All'avvio è l'unico disco. Inoltre, sostituendo l'hard-disk e usandone uno con solo gentoo, il boot funziona.

 *cloc3 wrote:*   

> 
> 
> sei in grado di utilzzare quel disco da usb, con un accrocchio apposito, magari con un altro computer, in modo da mettere fuori gioco quella bios?
> 
> e sei tre volte sicuro di non avere dimenticato floppy nella pancia del coso?
> ...

 

L'hard-disk riesco a montarlo via usb da un altro pc (o dallo stesso pc avviato con l'altro hard-disk).

Niente floppy, è un portatile.

 *cloc3 wrote:*   

> 
> 
> il tuo cdrom usa grub in avvio? in quel caso, ti è possibile simulare un boot con il grub del cdrom? o di una chiavetta usb?
> 
> 

 

Ho la minimal di gentoo. Mi sembra che da li non sia possibile "simulare" un boot usando il kernel 

che ho nell'hard-disk.

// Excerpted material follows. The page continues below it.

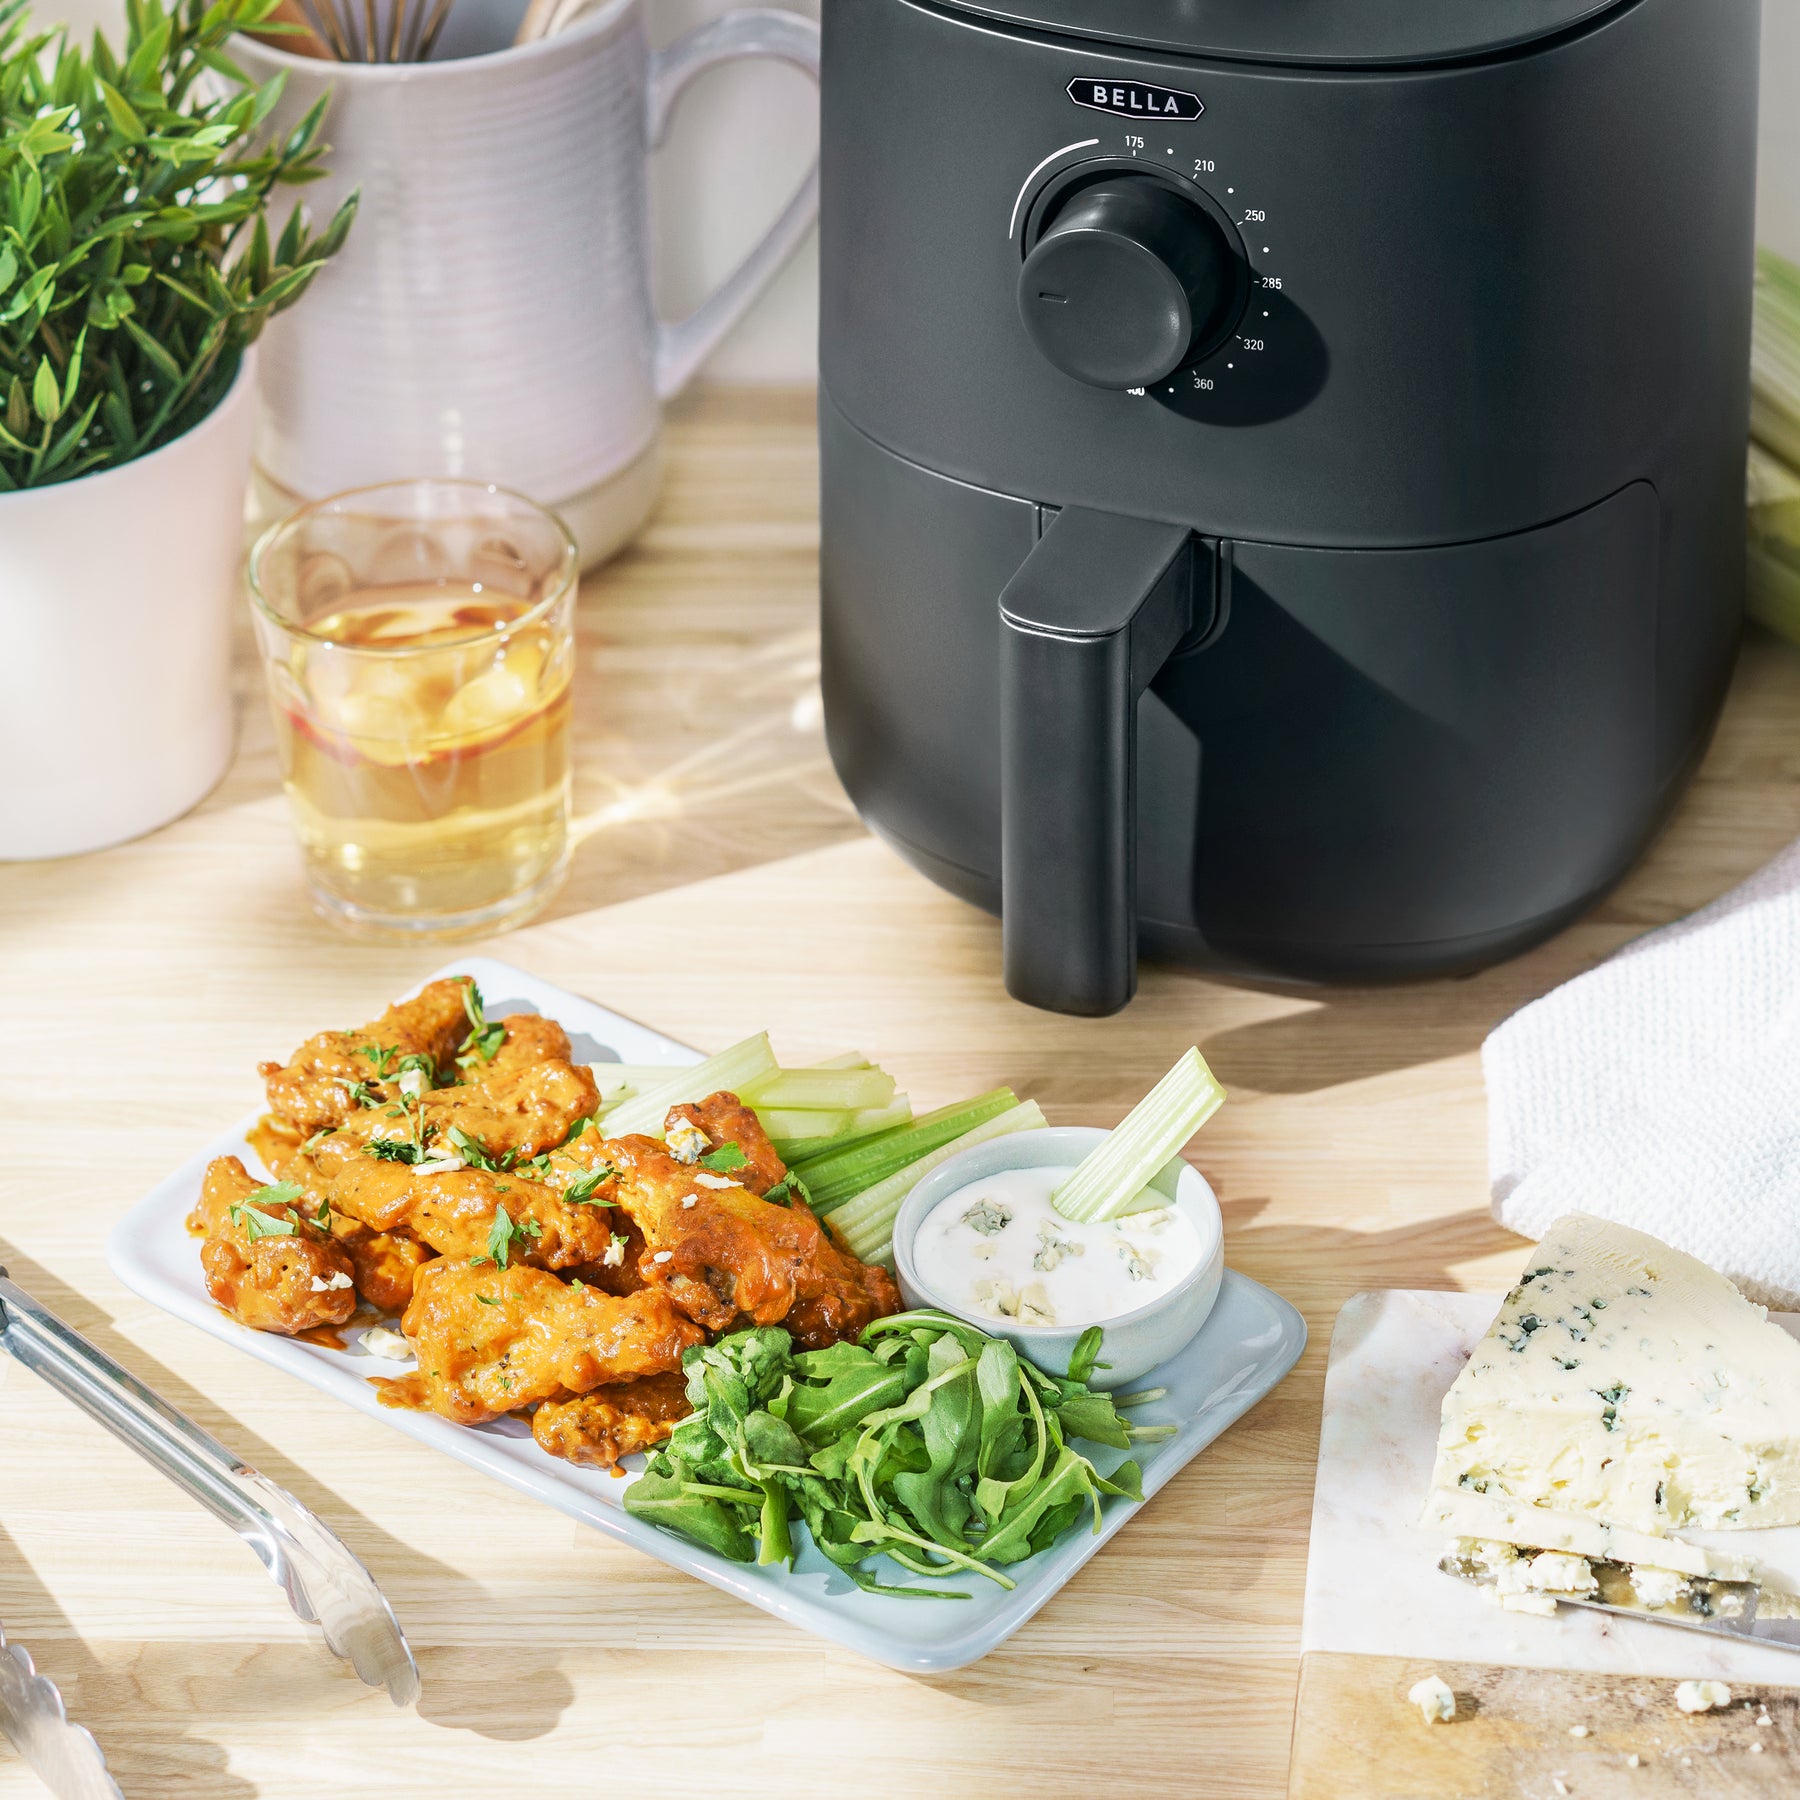 Bella 17275 Air Fryer Review - Consumer Reports

C'è una live con cui si riesce a fare sta cosa?

Ho provato a usare sia ms-sys (da chroot) che fixmbr (dal cd di windows xp) ma nessuno dei due

è in grado di ripristinare l'MBR di windows: i comandi non mi restituiscono errori, ma quando riavvio, 

il BIOS mi da sempre lo stesso messaggio.

Ormai credo che le possibilità siano: 1) piallare tutto e ripartire da capo sperando che l'errore sia 

dovuta a qualche cavolata che ho combinato durante l'installazione 2) l'MBR non va.

----------

## lucapost

alla fine hai risolto?

----------